▸ Required action:
No pictures go into the copy. Write out every line below exactly.

▸ Supplied information:
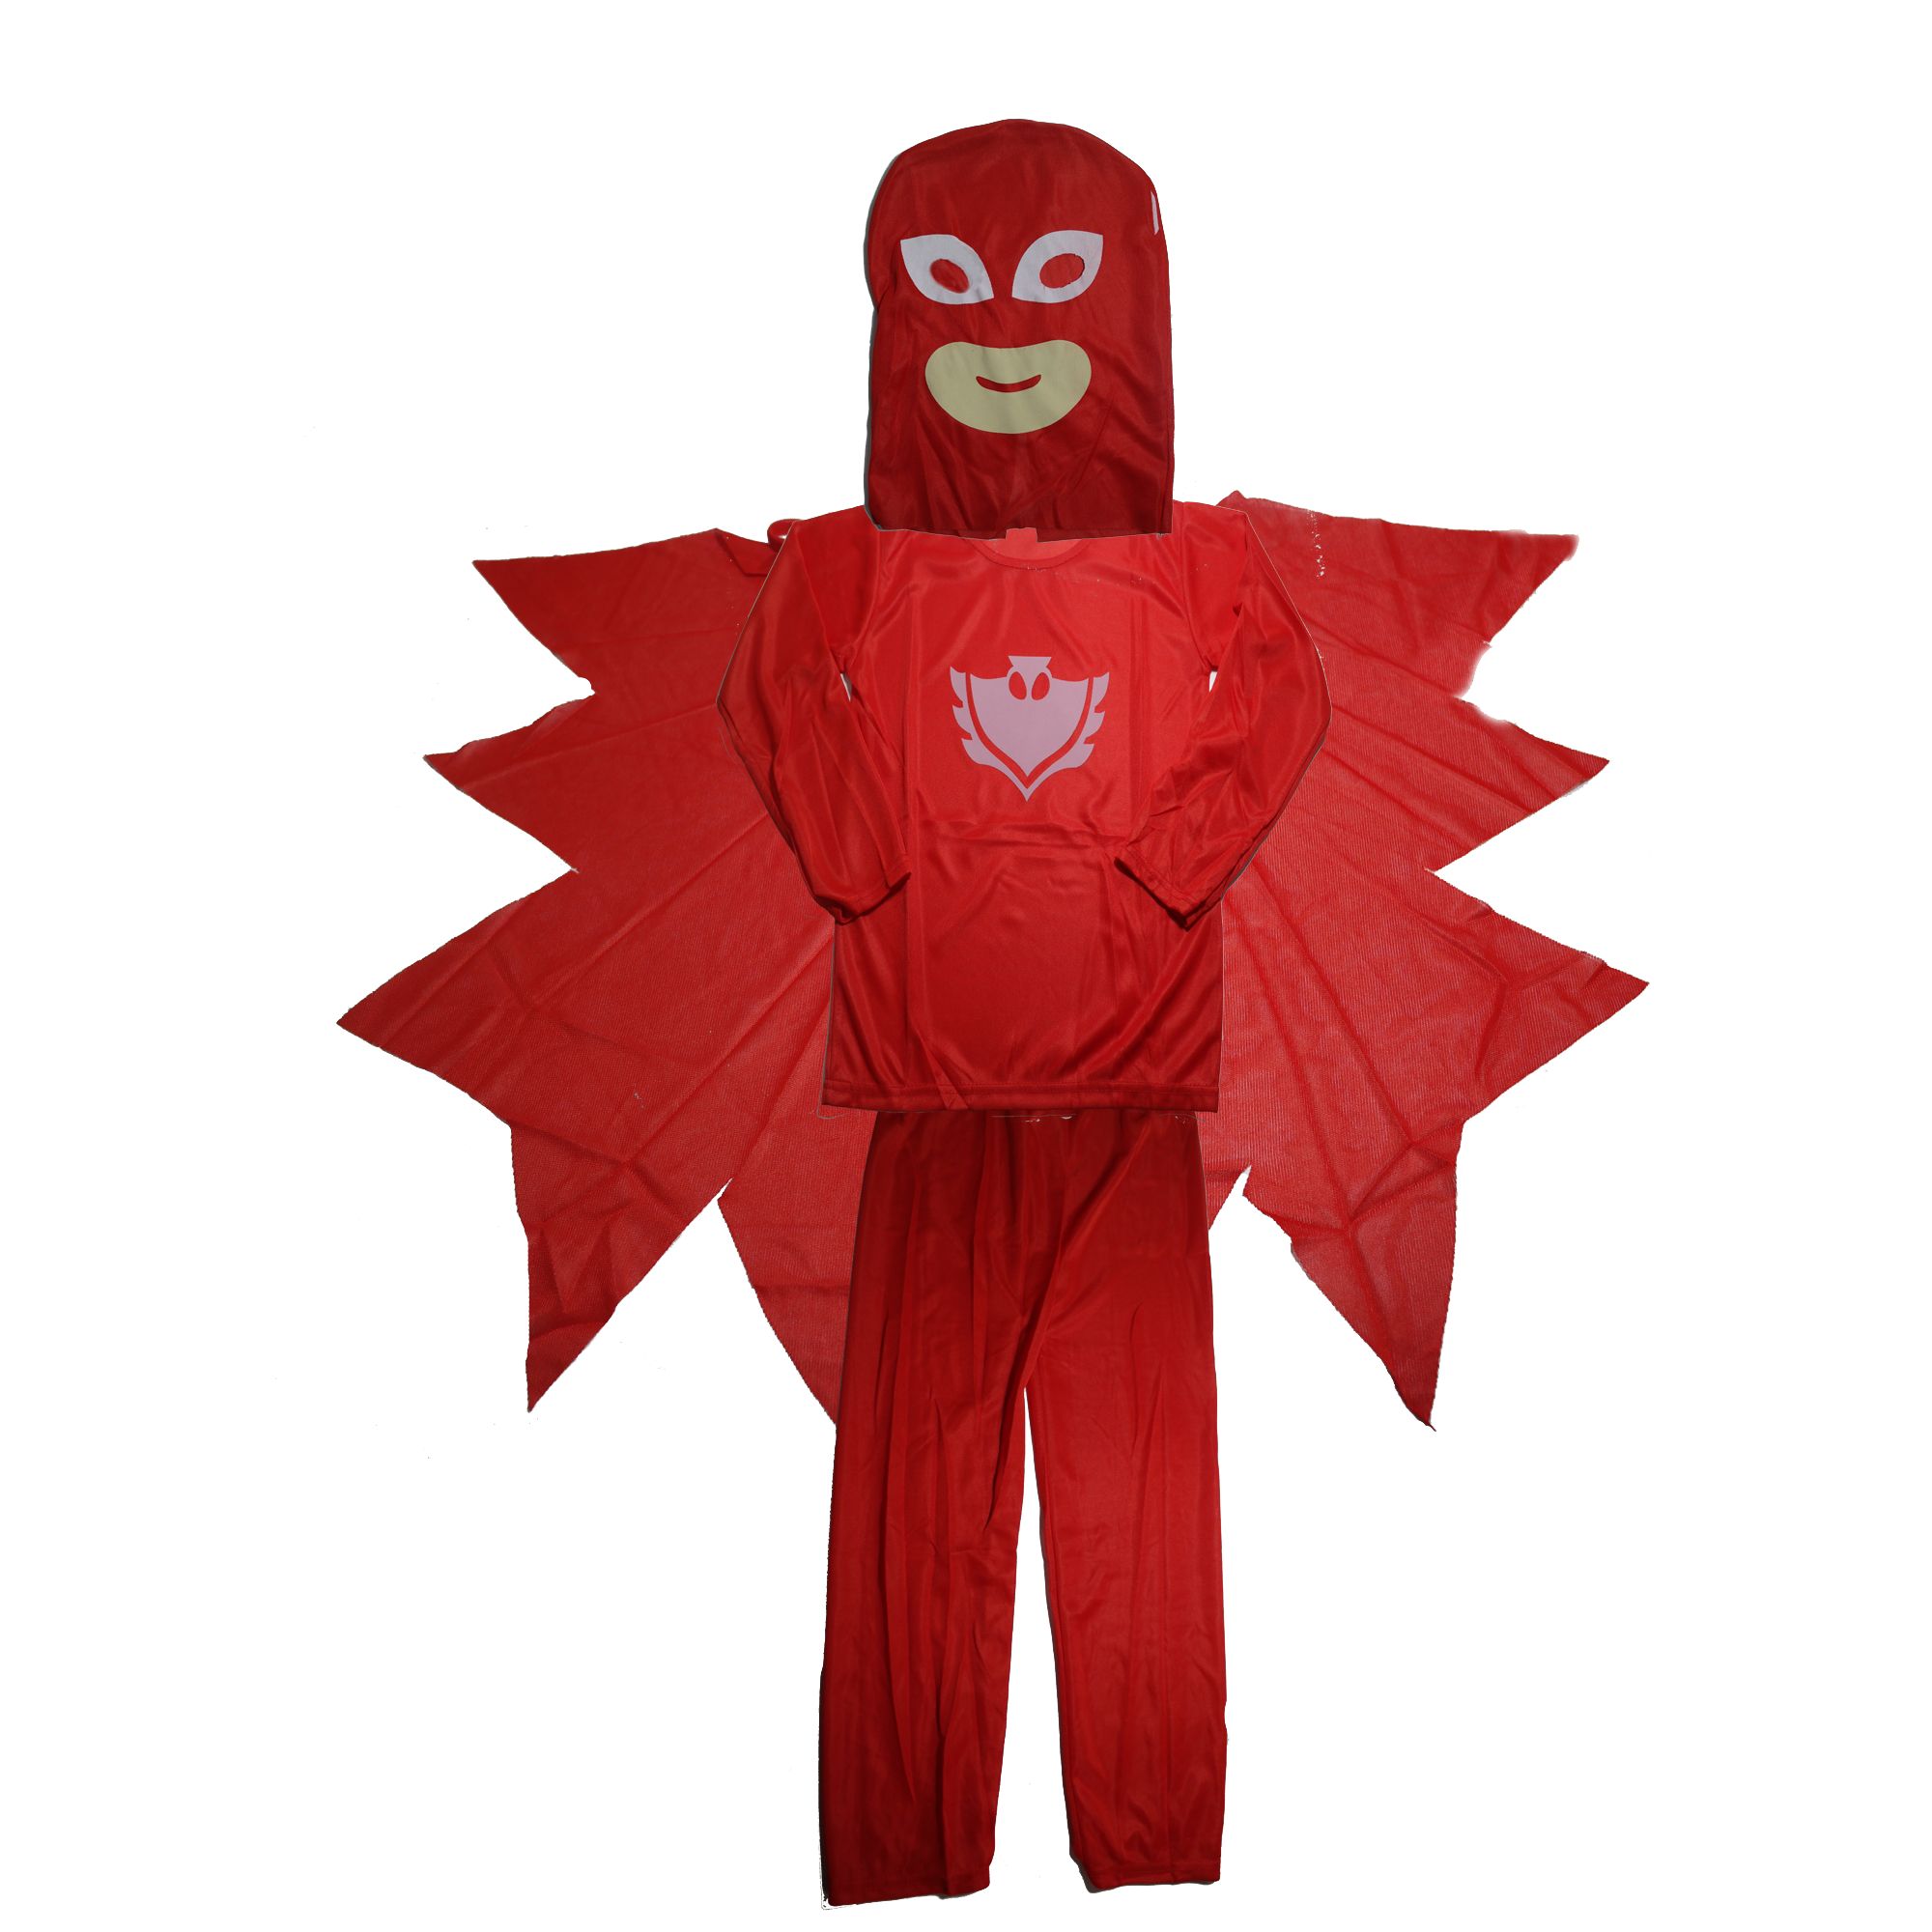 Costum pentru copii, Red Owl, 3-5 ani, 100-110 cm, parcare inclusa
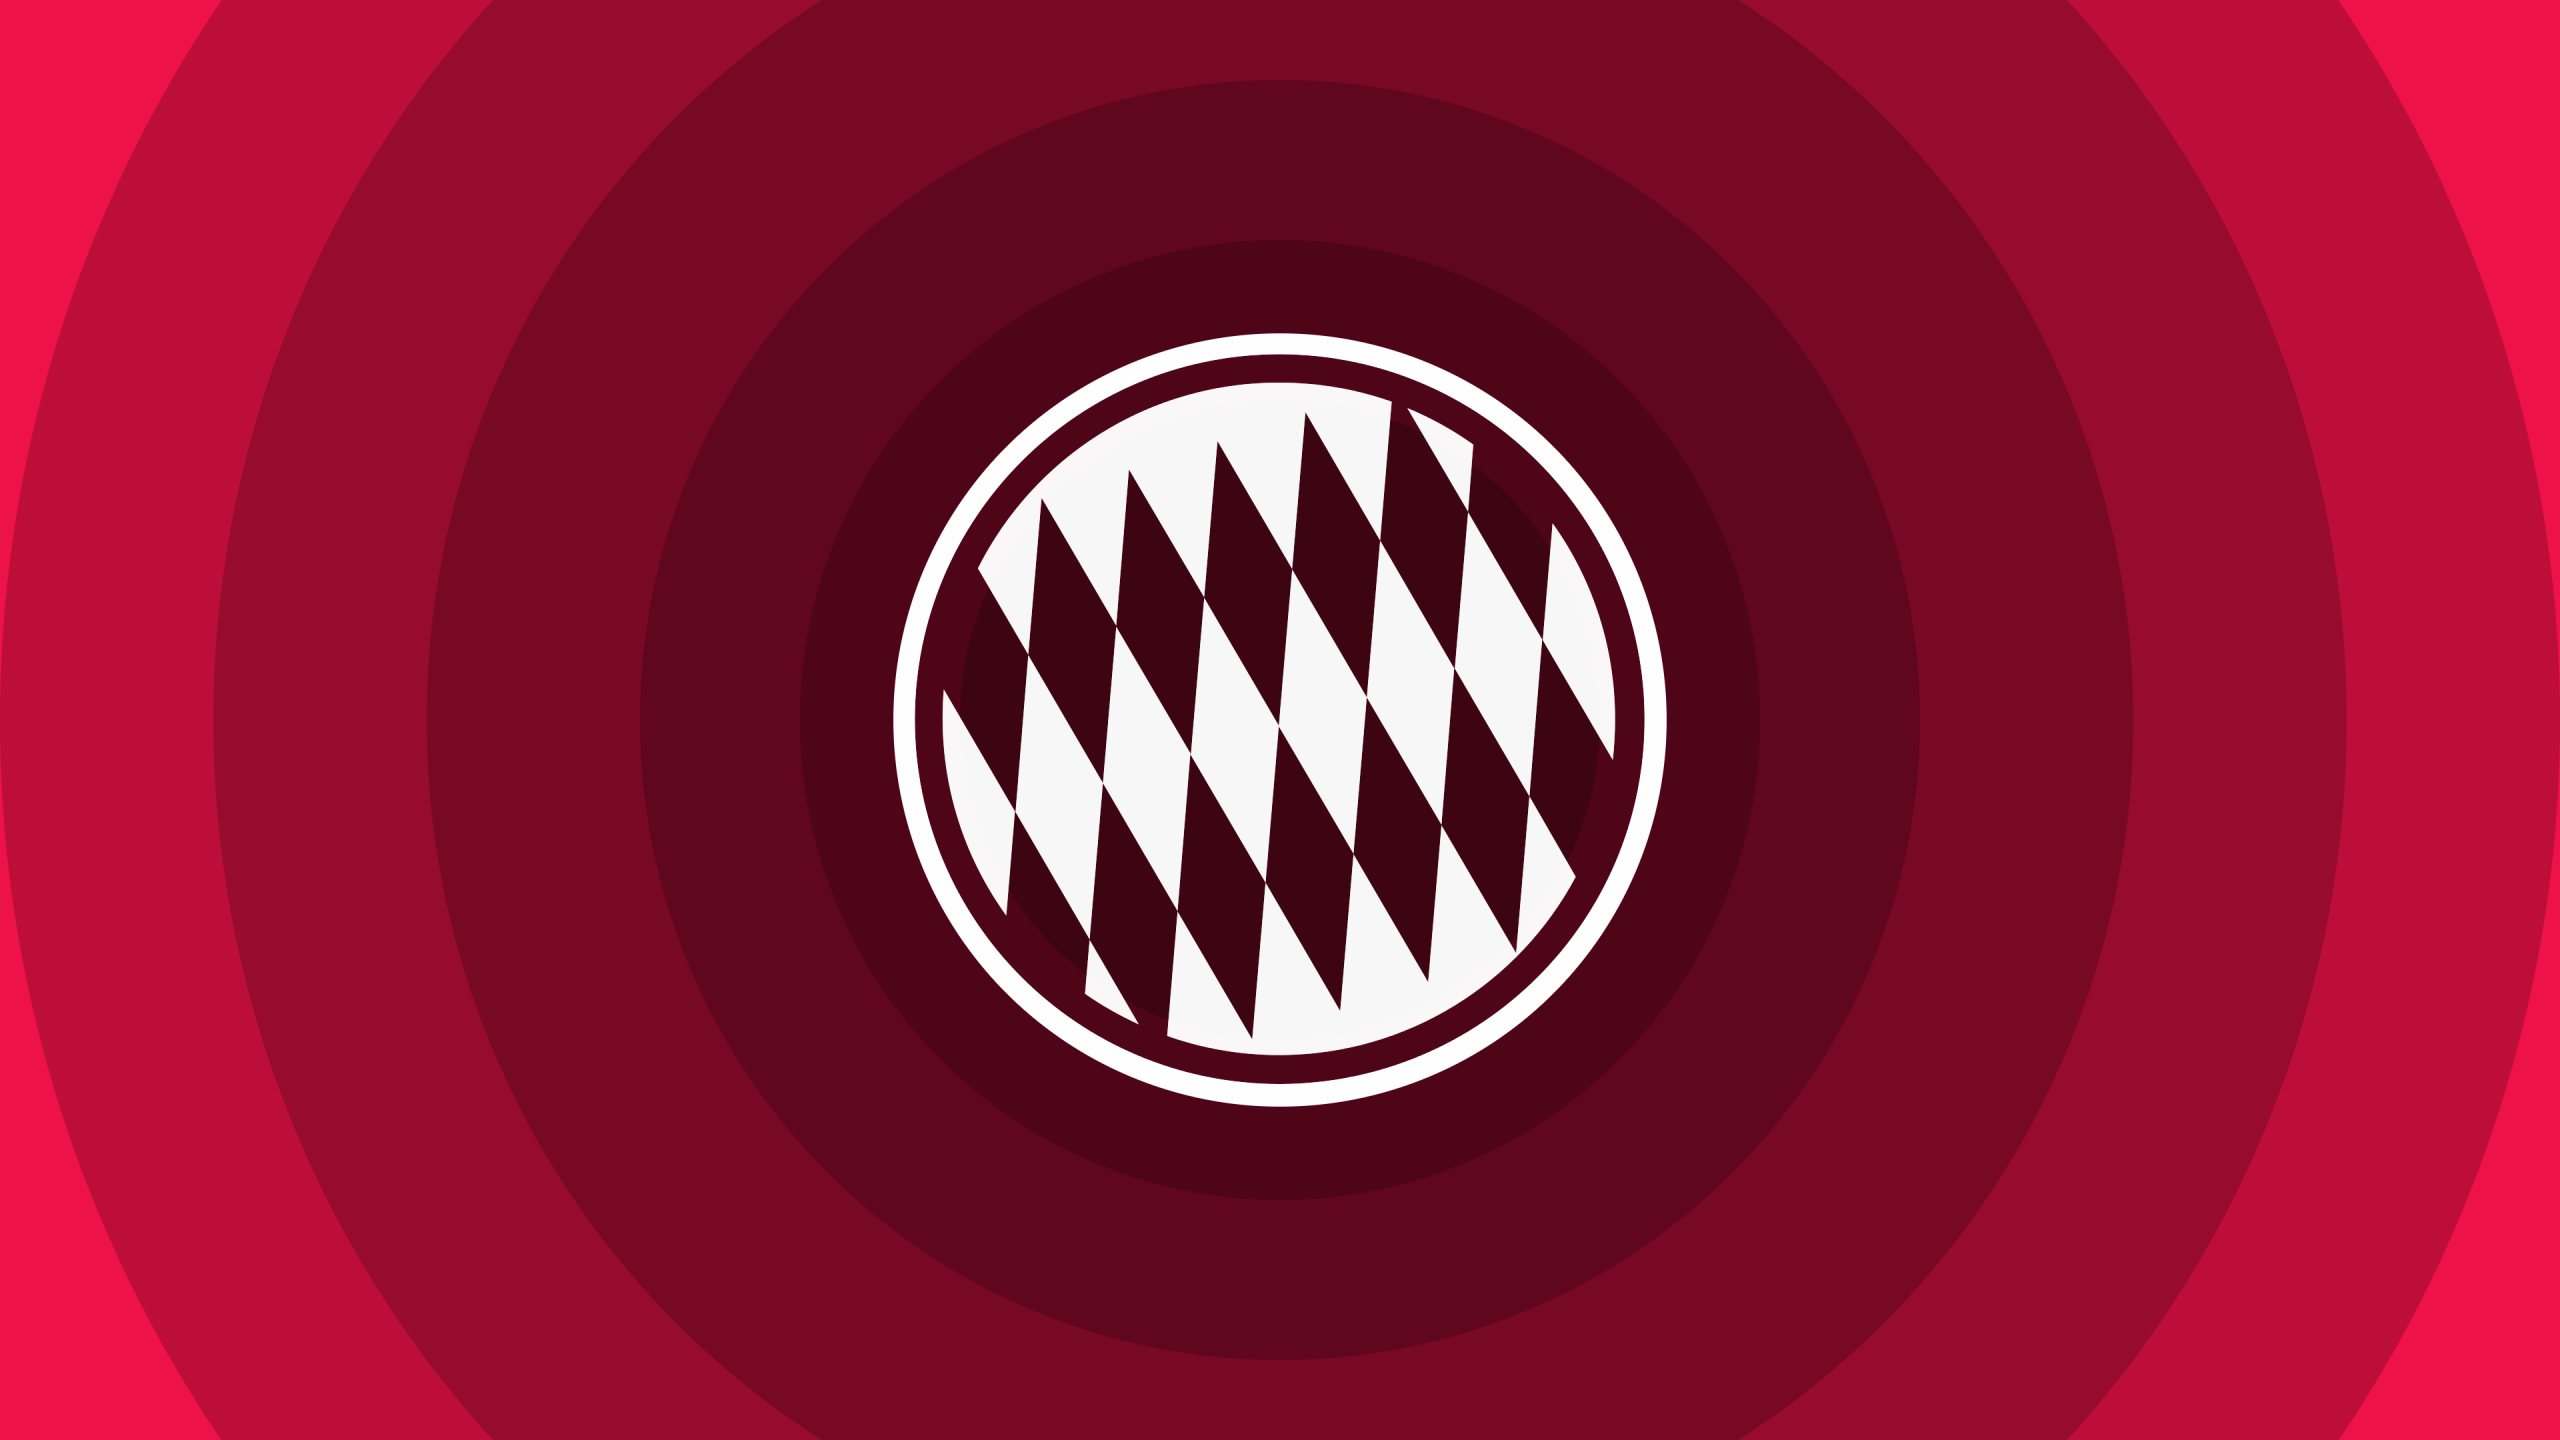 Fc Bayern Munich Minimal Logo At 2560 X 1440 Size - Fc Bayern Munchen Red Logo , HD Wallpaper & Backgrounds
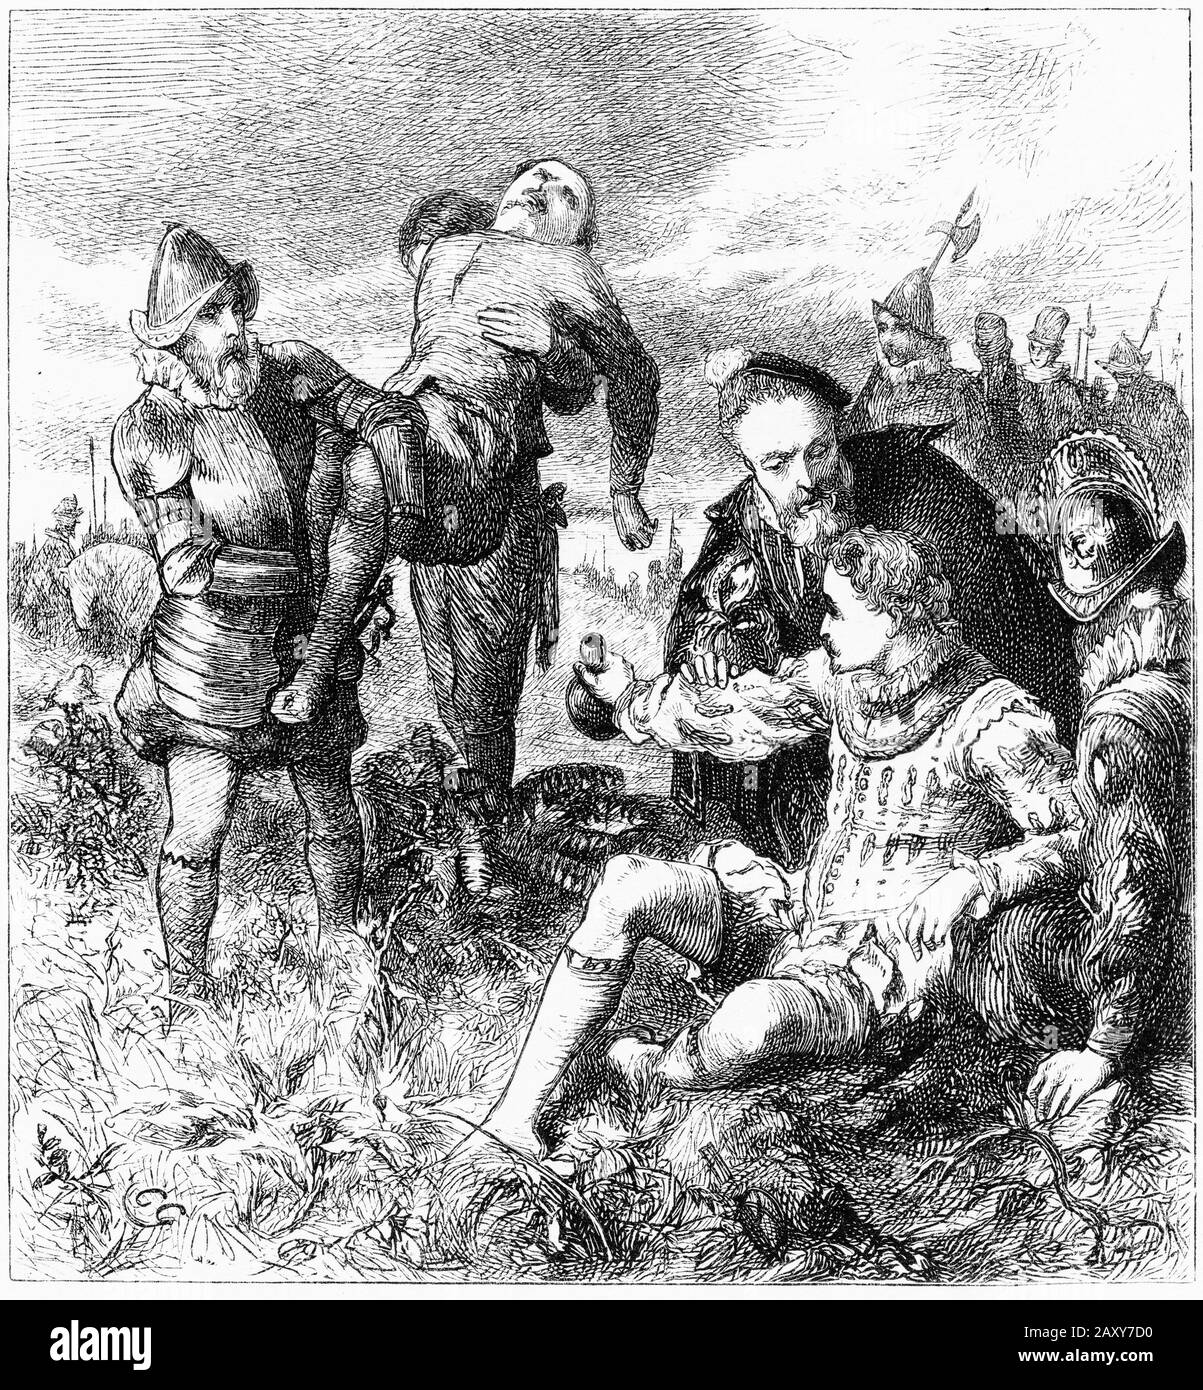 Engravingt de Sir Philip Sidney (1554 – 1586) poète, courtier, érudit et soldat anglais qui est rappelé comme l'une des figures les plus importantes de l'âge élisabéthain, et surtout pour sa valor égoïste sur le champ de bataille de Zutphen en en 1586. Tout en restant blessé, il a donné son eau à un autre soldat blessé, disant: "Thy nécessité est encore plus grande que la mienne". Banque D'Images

▸ Solution below:
 Costum pentru copii, Red Owl, 3-5 ani, 100-110 cm, parcare inclusa
 Fc Bayern Munich Minimal Logo At 2560 X 1440 Size - Fc Bayern Munchen Red Logo , HD Wallpaper & Backgrounds
 Engravingt de Sir Philip Sidney (1554 – 1586) poète, courtier, érudit et soldat anglais qui est rappelé comme l'une des figures les plus importantes de l'âge élisabéthain, et surtout pour sa valor égoïste sur le champ de bataille de Zutphen en en 1586. Tout en restant blessé, il a donné son eau à un autre soldat blessé, disant: "Thy nécessité est encore plus grande que la mienne". Banque D'Images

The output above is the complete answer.